Потом нам эти бытовички рассказывали, что они действительно испугались нас, но подумали, что нас везут из больницы, такие мы были страшные!
Подобные "операции" наше начальство инкриминирует как камерный грабеж, и дают за это виновным вплоть до "вышки", т.е. - до расстрела. И это было бы правильно, когда подсаженные в камеры политических уголовники (которые никогда и нигде не бывают доходягами) грабят и часто избивают политических, забирая у них передачи (курочат). Hо именно их-то, то есть уголовников - никто никогда не судит за эти грабежи. Со мною была бы расправа, если бы не доброжелательный конвойщик, ибо я - "враг народа", та самая интеллигенция, всегда неугодная для власть имущих, испокон веков гонимая у нас, в России. А ведь в сущности я сделала то же, что и В.И.Ленин, когда он давал указания - экспроприировать, отнимать излишки у имущих, чтобы спасти погибающих (и даже не для спасения погибающих, а для вооружения революционеров). Так что я и сейчас не раскаиваюсь в содеянном, хотя это формально можно было бы расценить, как грабеж. Здесь налицо двойственность суждений и понятий об одном и том же предмете. А где же самое верное, самое справедливое суждение?.. Вот так же и профессия людей, залезающих тайными путями в чужую страну для получения запретных сведений: если эти люди действуют на нашу пользу, то их называют разведчиками, если наоборот, то их называют - шпионами. А кто же они на самом деле? Заповеди по этому вопросу, кажется, нету и у Иисуса Христа.

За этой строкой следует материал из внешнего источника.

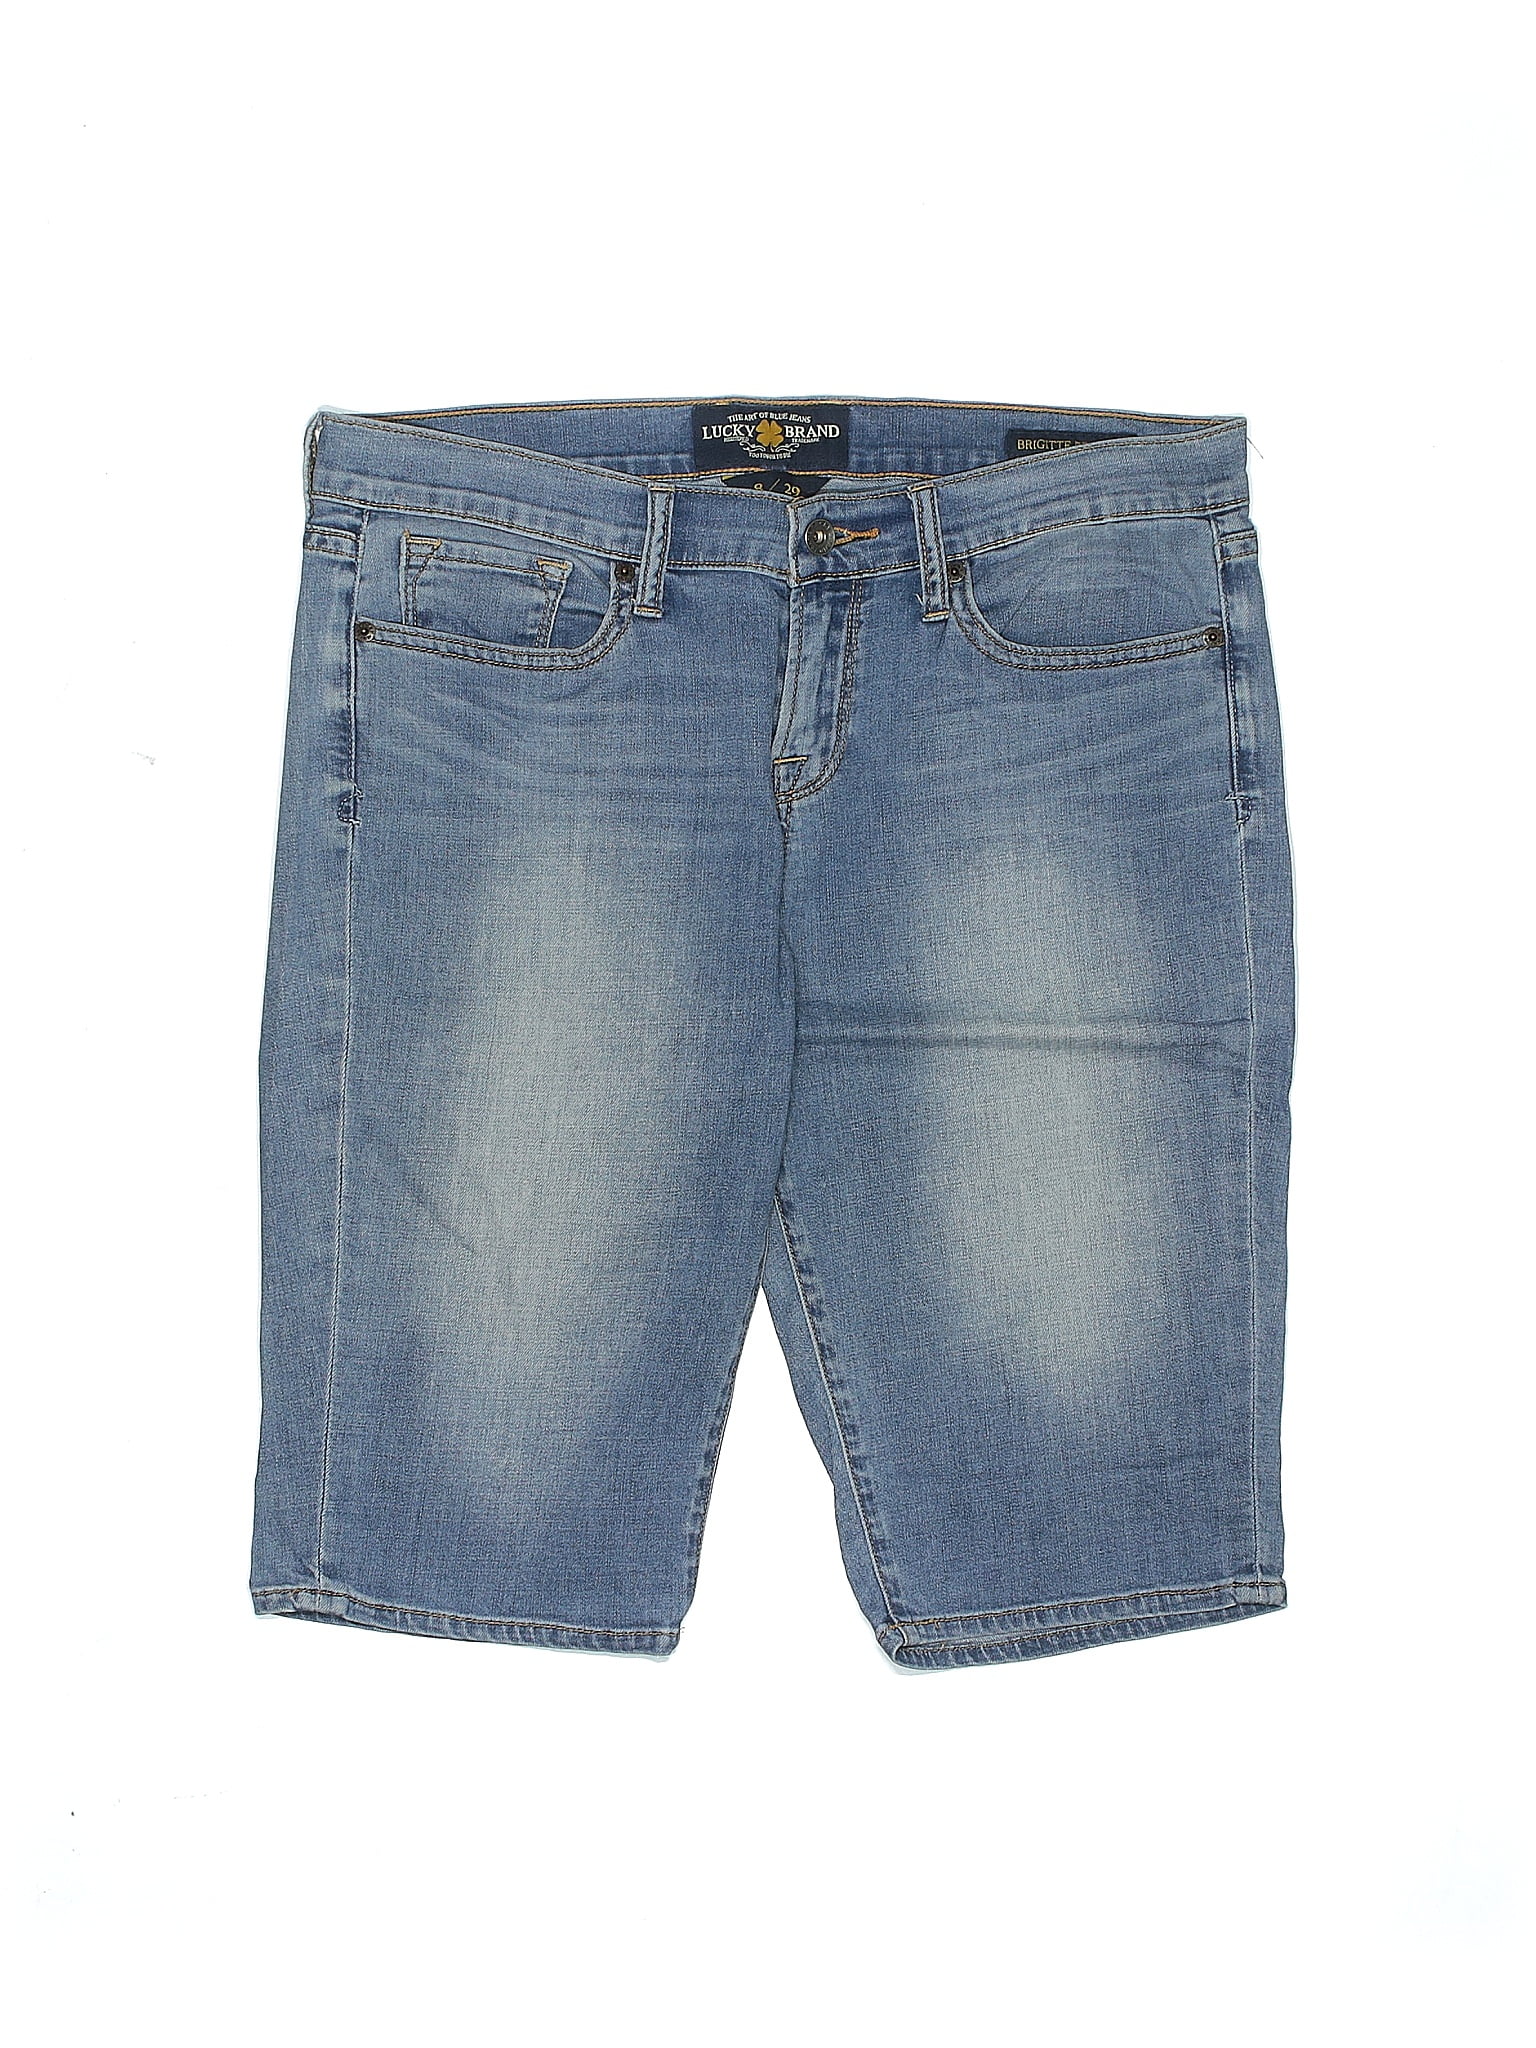 Lucky Brand Solid Blue Denim Shorts Size 8 - 74% off | thredUP

Глухой зимою, в самые морозы, мы, наконец, приехали на станцию города Мариинска. Боль у меня в нижней челюсти не унималась никогда - челюсть иногда тихо, иногда посильнее ныла и ныла непрестанно. Везли нас иногда в столыпинках, но иногда и в "телячьих" вагонах, где, благодаря нашей неимоверной скученности было все же относительно тепло (в "телячьих" вагонах нам к тому же давали порой и горячий суп; тогда дверь вагона раздвигалась и, первое, что нам бросалось в глаза, это щетина штыков, направленная на нас взводом "солдатушек браво-ребятушек", а уж потом - котелки с баландой). Так что в скученности тел, в навозной вони от параши, даже в непрерывном гуле и гвалте голосов я как-то смирялась со своей болью. Hо вот нас выгрузили на перрон ж.д. станции, и я оказалась выброшенной на произвол сибирскому холоду - в короткой худенькой жакеточке сестры Шуры, в подшитых старых валенках и без чулок, а сверх того мой синий дождевой плащик и на голове - кусок бумажного одеяла; в руках все тот же пустой и грязный крапивный мешок.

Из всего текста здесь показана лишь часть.